Join us here to talk to Ori Brafman, author of Sway. He'll be on LibraryThing to discuss his work and answer questions through July 11th.

Jul 7, 2008, 9:15pm Top

I liked Sway (see my review on Amazon and Library thing). It was an easy read and very accessible. Here's my question: What are your methods for putting together a non-fiction book? I'm aspiring non-fiction and fiction writer and I'd love any tips you may have. Thanks!

Jul 8, 2008, 1:07am Top

As a social psychologist, I can't wait to read your book. I applaud all new ways to get psychological information in the hands of the people! It's exciting to see the bookstore filled with actual scientific psychology. What do you think is prompting the relatively recent books on the subject of social cognition, such as Dan Ariely's Predictably Irrational, Malcolm Gladwell's Tipping Point and Blink, as well as some earlier fare by Thomas Gilovich in How We Know What Isn't So, etc.? I might even add that some other science books have become fairly popular, such as Mary Roach's Bonk, Stiff, and Spook. Do you see this as unusual (as do I) and if so, why do you think this is happening now? Any particular zeitgeist?

Jul 9, 2008, 3:22am Top

Thanks for the messages.

First, about writing nonfiction, I think it's most important to find a topic that really fascinates you. What Rom and I try to do is look for connections between different disciplines, and then explore stories that highlight ideas.

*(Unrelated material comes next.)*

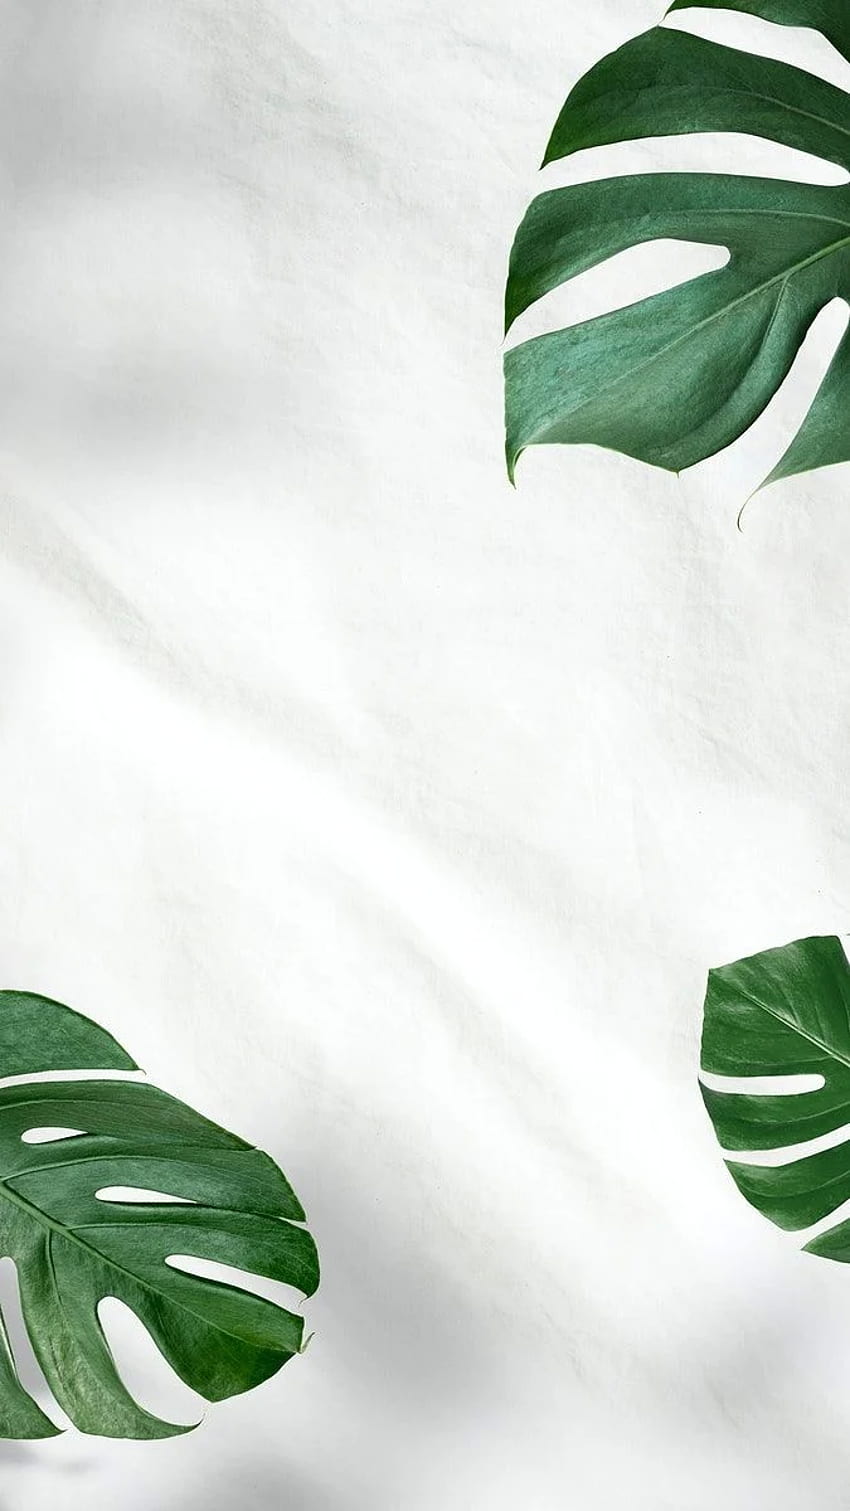 Minimalist Plants HD Wallpapers  Top Free Minimalist Plants HD Backgrounds   WallpaperAccess

I think this relates to the movement of nonfiction books that are very different than titles we saw, say, ten years ago. I think readers are more interested in a narrative and more curious about an counter-intuitive approach. Reading nonfiction these days is as interesting as reading a novel, and for me that's one of the most exciting thing happening in books.

Jul 10, 2008, 9:56am Top


Thanks! I appreciate your advice very much.

I agree, recent non-fiction has been so entertaining. I think it is a change for the better, as the information becomes more accessible to a wider audience.

I like your point about connections between disciplines - that's what we are striving toward also. Lately I've been fascinated by behavioral economics and how the discipline can help us understand generation Y's online lives. Much rumor and sensationalism surround parents who in turn limit teens' and children's access to tools and required skills. With my background in Psych and technology and my husband's in philosophy and college advising, we are hoping to put together a "counter-current-intuition" practical guide for parents. I'm also a fiction writer, so I'll be looking to use those skills to pull the reader in with narrative.

Thanks again. I look forward to reading more of your work.